The root cause of the initial disconnection was identified as CPU soft lockups on a single presence server. These lockups stalled the machine’s network stack for extended periods. A bug in the presence cluster’s handling of lost nodes exacerbated the problem, causing the cluster to split-brain instead of properly isolating the faulty node.
The failure of the presence node caused millions of Erlang processes within the sessions service to attempt reconnection simultaneously, overwhelming the remaining presence servers. The sessions service, designed to buffer messages for clients during brief disconnections, saw its in-memory buffers quickly fill up for approximately one-third of all connected users whose connections stalled due to the dependency on the presence service. This memory exhaustion led to the sessions servers crashing.
During the incident, approximately one-third of all connected Discord users experienced stalled connections, leading to significant service degradation. Users were unable to send messages, and direct messages were not delivered to recipients at certain times. Engineers had to globally disable message sending multiple times to shed load and facilitate recovery efforts.

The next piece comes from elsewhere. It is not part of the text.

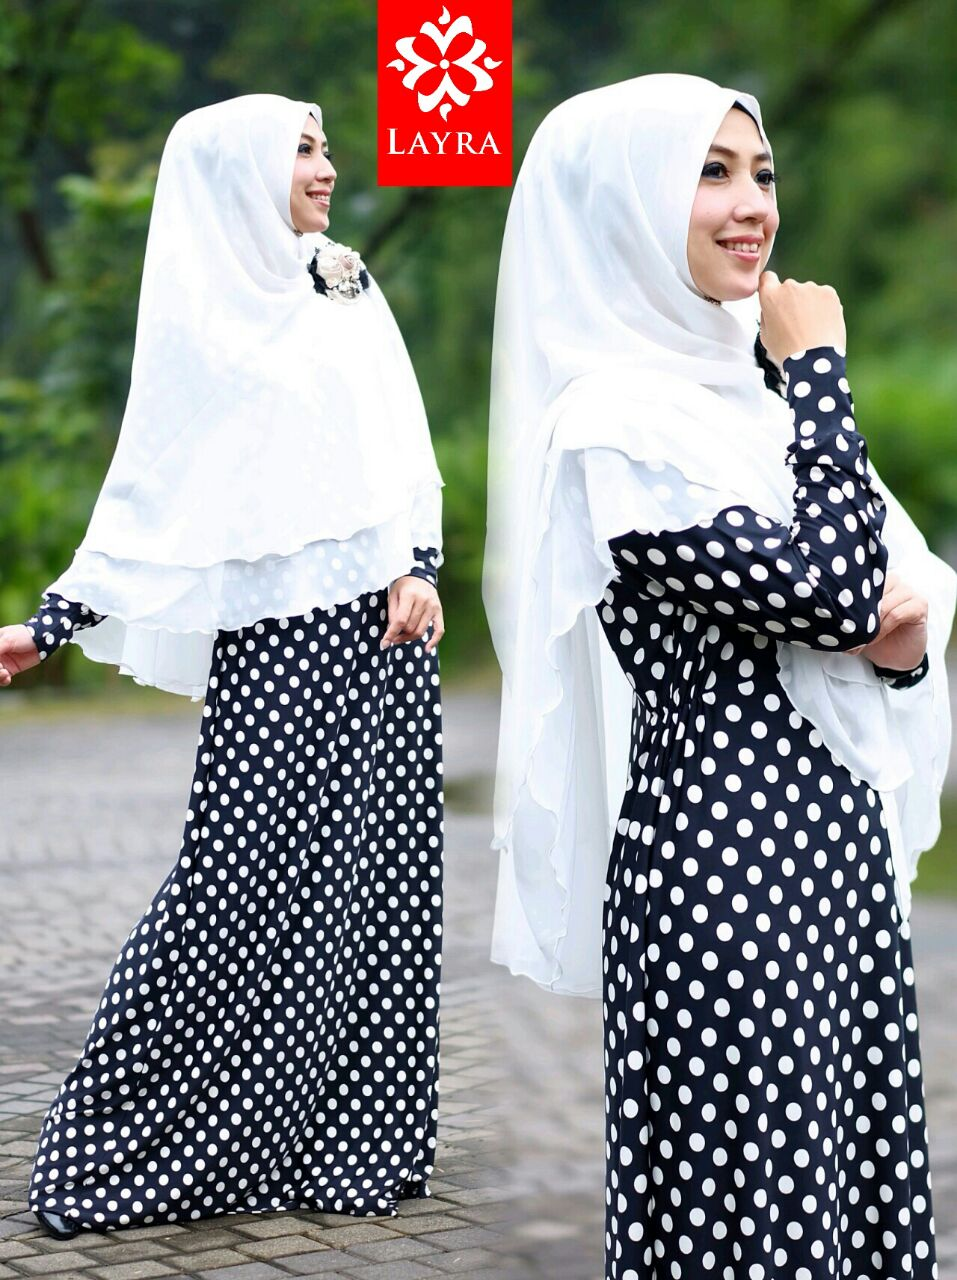 Koleksi Busana Muslim Terbaru De'key by Layra Hitam

Discord engineers implemented several remediations. They rolled out upgrades to the presence server to fix the split-brain bug and other planned improvements. A hard limit was added to the number of in-flight connections from the sessions cluster to the presence server, along with a fast-fail mechanism to prevent future cascading failures. Discord is also actively collaborating with Google Cloud Platform’s hypervisor team to investigate and resolve the underlying CPU soft lockup issue.